Couchbase ile okurlarımızı yakınlaştırabilir misiniz? Misyonunuz, şirket yapınız hakkında bilgi alabilir miyim? Kilometre taşlarınızı da hatırlatır mısınız?

Couchbase yaklaşık 12 yıldır piyasada olan bir NoSQL veri platformu. Piyasanın ihtiyaç duyduğu aslında birçok farklı alanı ve ihtiyacı kendi servisleri altında birleştirmiş ve bu noktada da farkını yaratan NoSQL çözümü olduğunu söyleyebilirim. Piyasaya aslında daha geç girmesinin avantajını yaşayan ve ürünündeki gelişmeleri buna odaklı yapan bir veri platformu.

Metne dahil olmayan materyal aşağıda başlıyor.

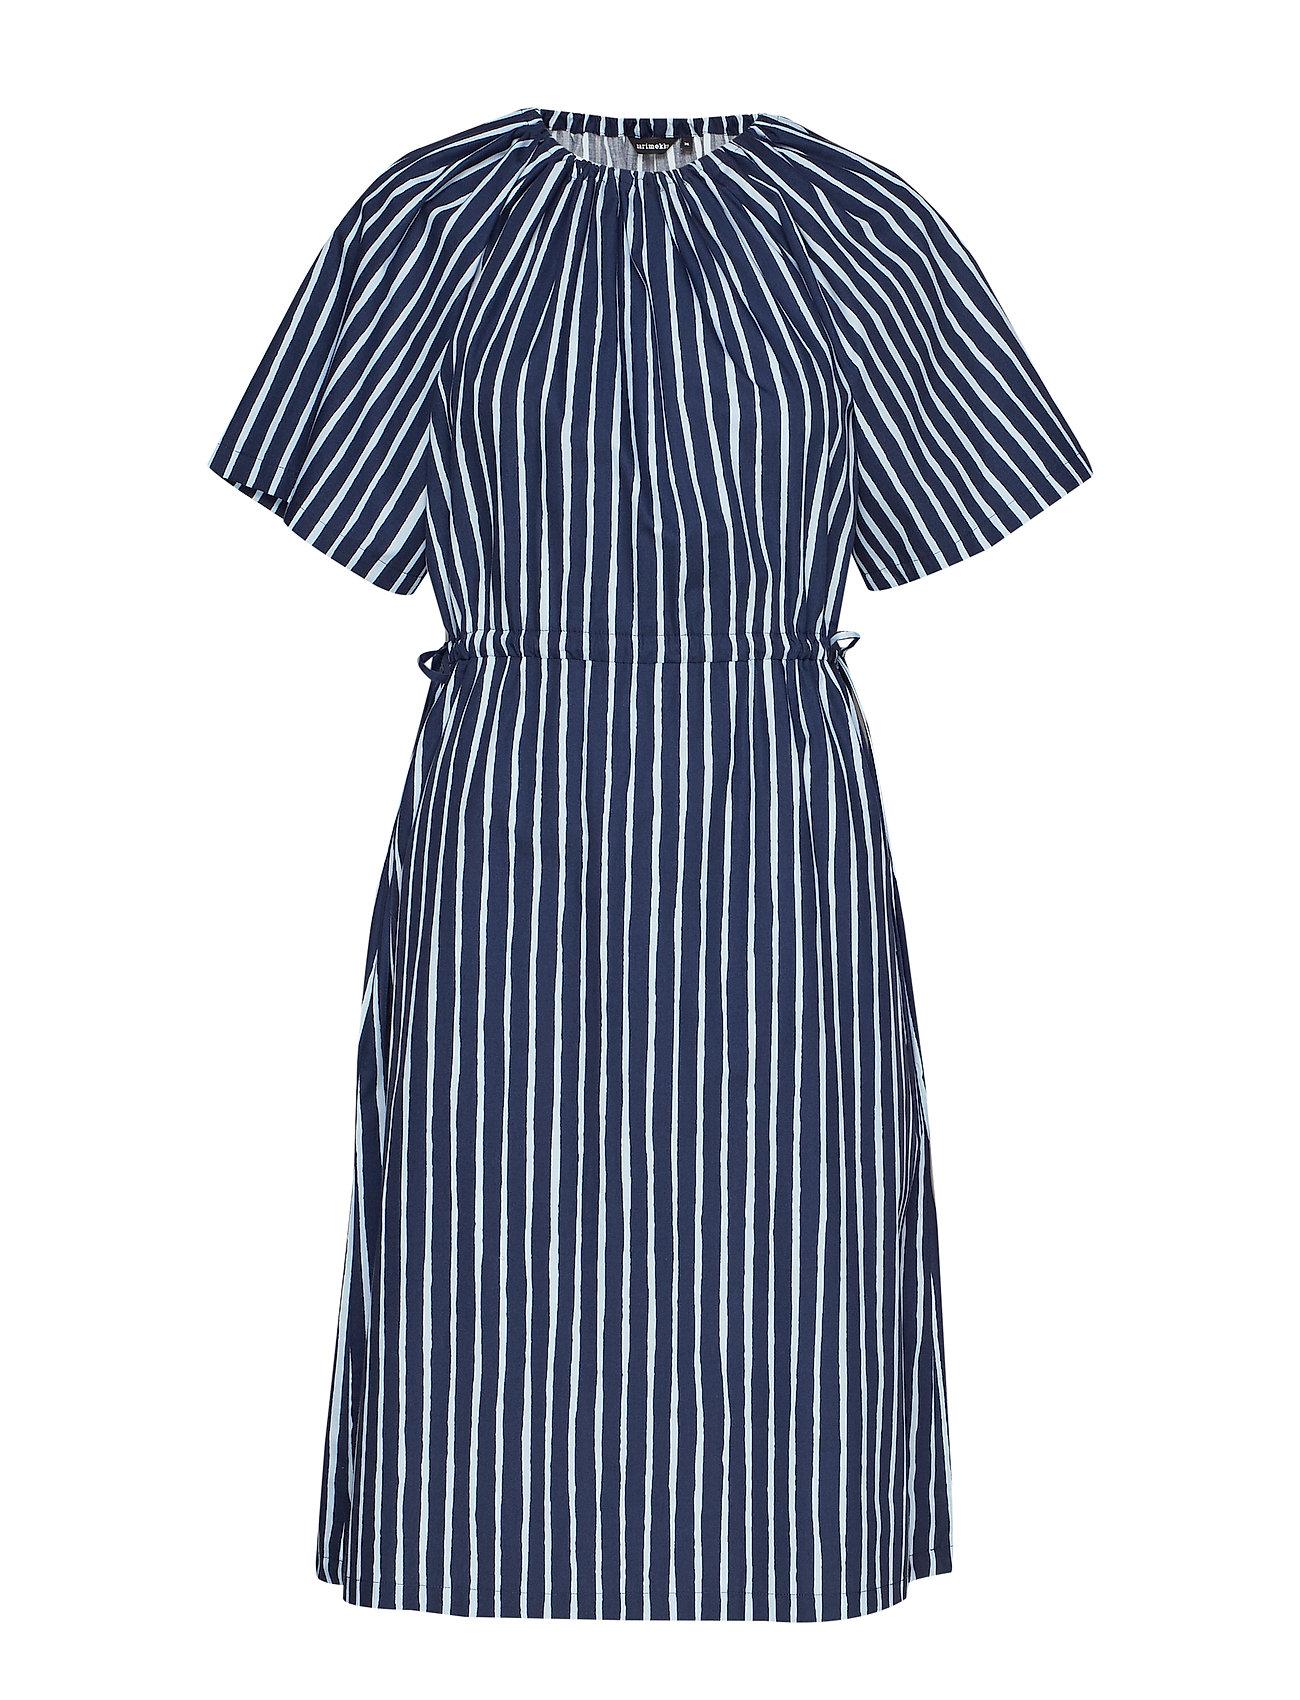 Marimekko SAMMAL PICCOLO Dress - DARK BLUE, BLUE
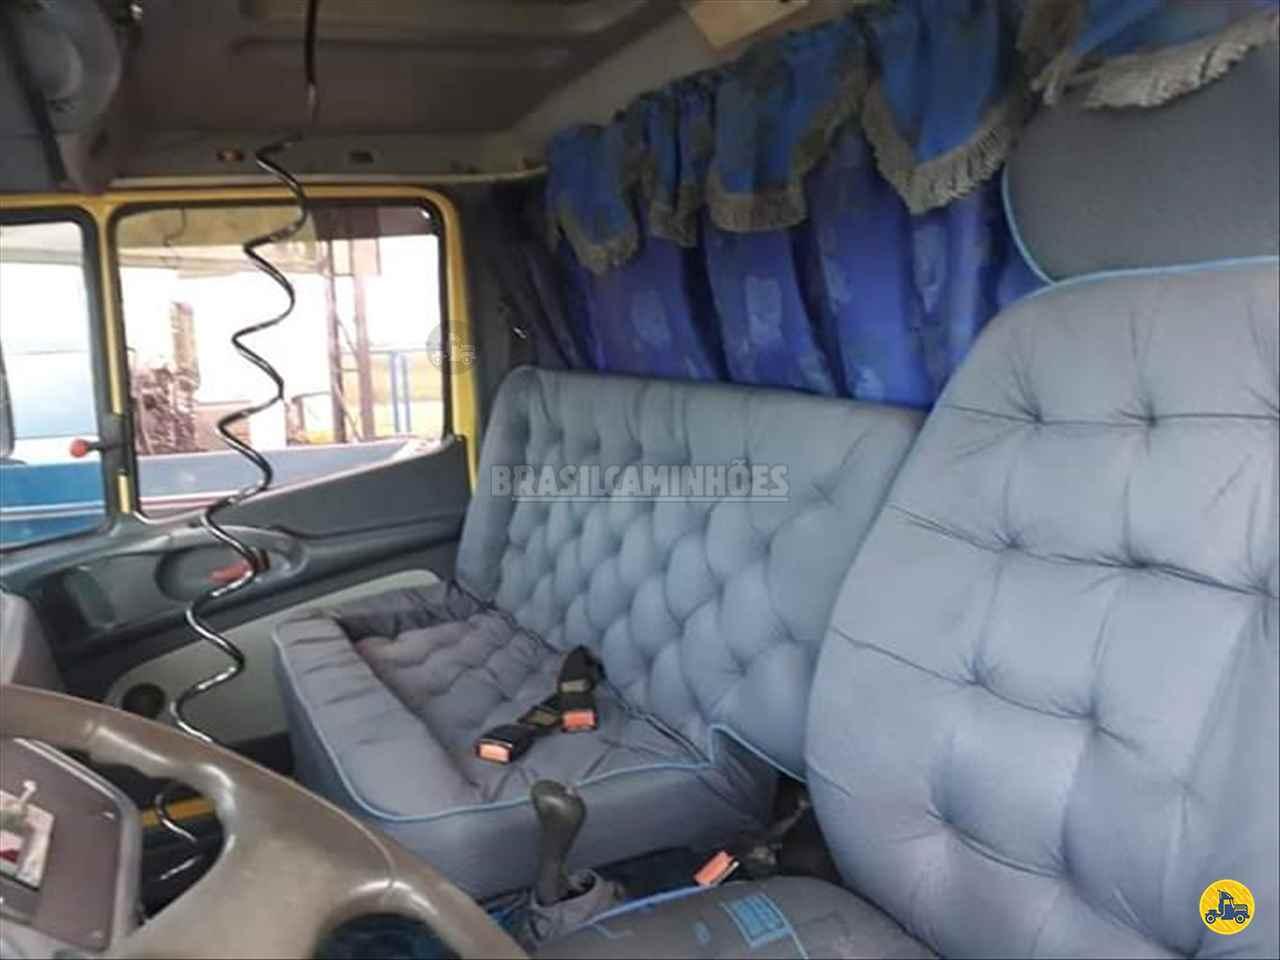 MERCEDES-BENZ MB 712 319000km 1998/1998 Brasil Caminhões Sinop

Geç girmek demeyelim de ben şöyle bir şeyden bahsedeyim. Coucbhase 2011 yılında kuruldu. Kurulduğu dönemdeki trafiği eminim okuyucularınız da hatırlayacaktır. İş trafiğinin internete taşındığı dönemlerden bahsediyoruz. Bu neyi gerektirdi, çok daha yüksek performanslı veritabanı sistemlerinin veya veri platformlarının varlığını gerektirdi. Bugünkü halimize bir bakın. Hemen hemen her şeyi online ticaret üzerinden yapıyoruz, bankacılık işlemleri online yapılıyor. Tabii ki bu şu anlama geliyor. Bizim yaptığımız bir ayrım bu. Interaction ve transaction dediğimiz iki kavram var. Interaction kavramı bir web sitesin gezinme, ürünlere bakma, hizmetlere bakma olarak nitelendirilebilir. Transaction’ı ise bir para alışverişi, transferi olarak tanımlamak mümkündür. Eskiden, bu bahsettiğimiz 2011 ve öncesi dönemlerde bu oran 5 interaction’a 1 transaction gibiydi. Bugünse 10.000 interaction’a 1 transaction gibi bir orandan bahsediyoruz. Bunun getirdiği inanılmaz bağlantı yükleri de doğal olarak Couchbase gibi çok yüksek performanslı veri platformlarının önünü açtı. Biz bu ihtiyacı karşılamak üzere ortaya çıkan bir kurumuz. Bu çözümleri tabii ki yıllar içerisinde, farklılaşan bileşenleri de ekleyerek geliştirmeye ve kullanıcılarla buluşturmaya devam ediyoruz.

 

 

Hedef kitlenizde kimler yer alıyor ve neden Fortune 100’ün %30’undan fazlası sizinle iş yapmayı tercih ediyor? Couchbase’i diğerlerinden farklı kılan nedir ve hangi Fortune 100 şirketlerine hizmet veriyorsunuz?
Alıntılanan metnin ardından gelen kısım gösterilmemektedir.